- [Listed entries]
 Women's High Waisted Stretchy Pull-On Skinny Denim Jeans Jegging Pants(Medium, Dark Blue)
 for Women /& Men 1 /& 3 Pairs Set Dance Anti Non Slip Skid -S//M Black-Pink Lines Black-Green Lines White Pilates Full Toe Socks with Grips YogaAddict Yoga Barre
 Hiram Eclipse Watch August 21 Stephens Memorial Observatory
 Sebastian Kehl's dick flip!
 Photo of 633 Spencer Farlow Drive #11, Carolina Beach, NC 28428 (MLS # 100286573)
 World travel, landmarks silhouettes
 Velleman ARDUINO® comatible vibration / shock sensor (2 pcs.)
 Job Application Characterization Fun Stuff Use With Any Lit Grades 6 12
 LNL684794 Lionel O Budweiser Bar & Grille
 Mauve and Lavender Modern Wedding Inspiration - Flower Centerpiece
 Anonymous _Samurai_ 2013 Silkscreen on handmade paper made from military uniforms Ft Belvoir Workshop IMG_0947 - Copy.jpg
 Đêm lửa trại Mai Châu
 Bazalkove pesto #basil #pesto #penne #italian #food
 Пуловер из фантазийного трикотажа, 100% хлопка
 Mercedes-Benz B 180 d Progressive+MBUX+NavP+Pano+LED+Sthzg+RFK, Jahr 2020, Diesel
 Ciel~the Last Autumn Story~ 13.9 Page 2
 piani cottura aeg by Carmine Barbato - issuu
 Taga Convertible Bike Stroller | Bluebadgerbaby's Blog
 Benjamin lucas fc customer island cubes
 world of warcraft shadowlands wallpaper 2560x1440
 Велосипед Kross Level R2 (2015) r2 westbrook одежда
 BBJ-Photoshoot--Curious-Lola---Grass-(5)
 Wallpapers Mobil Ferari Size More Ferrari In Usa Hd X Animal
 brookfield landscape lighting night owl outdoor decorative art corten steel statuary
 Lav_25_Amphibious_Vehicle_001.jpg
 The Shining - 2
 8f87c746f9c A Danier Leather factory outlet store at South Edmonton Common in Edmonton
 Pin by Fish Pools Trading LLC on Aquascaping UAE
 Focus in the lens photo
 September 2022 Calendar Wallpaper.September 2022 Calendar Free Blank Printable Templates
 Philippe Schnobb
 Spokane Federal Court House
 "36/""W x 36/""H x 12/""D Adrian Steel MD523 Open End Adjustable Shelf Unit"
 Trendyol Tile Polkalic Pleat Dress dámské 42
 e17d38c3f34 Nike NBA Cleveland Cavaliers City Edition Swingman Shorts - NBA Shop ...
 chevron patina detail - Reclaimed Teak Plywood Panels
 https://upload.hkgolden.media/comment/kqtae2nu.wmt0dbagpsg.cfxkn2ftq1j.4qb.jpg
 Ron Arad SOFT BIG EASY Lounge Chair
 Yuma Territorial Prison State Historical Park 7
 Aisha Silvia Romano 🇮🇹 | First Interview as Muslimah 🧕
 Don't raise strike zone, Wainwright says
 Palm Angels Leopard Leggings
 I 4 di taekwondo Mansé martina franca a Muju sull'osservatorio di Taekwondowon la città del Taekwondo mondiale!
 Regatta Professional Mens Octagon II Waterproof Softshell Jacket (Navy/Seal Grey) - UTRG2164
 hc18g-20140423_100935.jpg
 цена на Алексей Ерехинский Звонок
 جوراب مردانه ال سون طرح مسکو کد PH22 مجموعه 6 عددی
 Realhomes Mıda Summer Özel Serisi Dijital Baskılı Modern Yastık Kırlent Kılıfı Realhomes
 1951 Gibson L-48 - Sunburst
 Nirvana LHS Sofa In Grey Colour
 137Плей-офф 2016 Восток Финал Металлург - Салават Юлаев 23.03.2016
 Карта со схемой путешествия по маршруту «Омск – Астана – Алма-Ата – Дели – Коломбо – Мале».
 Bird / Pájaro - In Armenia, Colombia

- [What you will do] Among the lines above, find the ones containing "Women" and copy them.

- [Answer area]
 Women's High Waisted Stretchy Pull-On Skinny Denim Jeans Jegging Pants(Medium, Dark Blue)
 for Women /& Men 1 /& 3 Pairs Set Dance Anti Non Slip Skid -S//M Black-Pink Lines Black-Green Lines White Pilates Full Toe Socks with Grips YogaAddict Yoga Barre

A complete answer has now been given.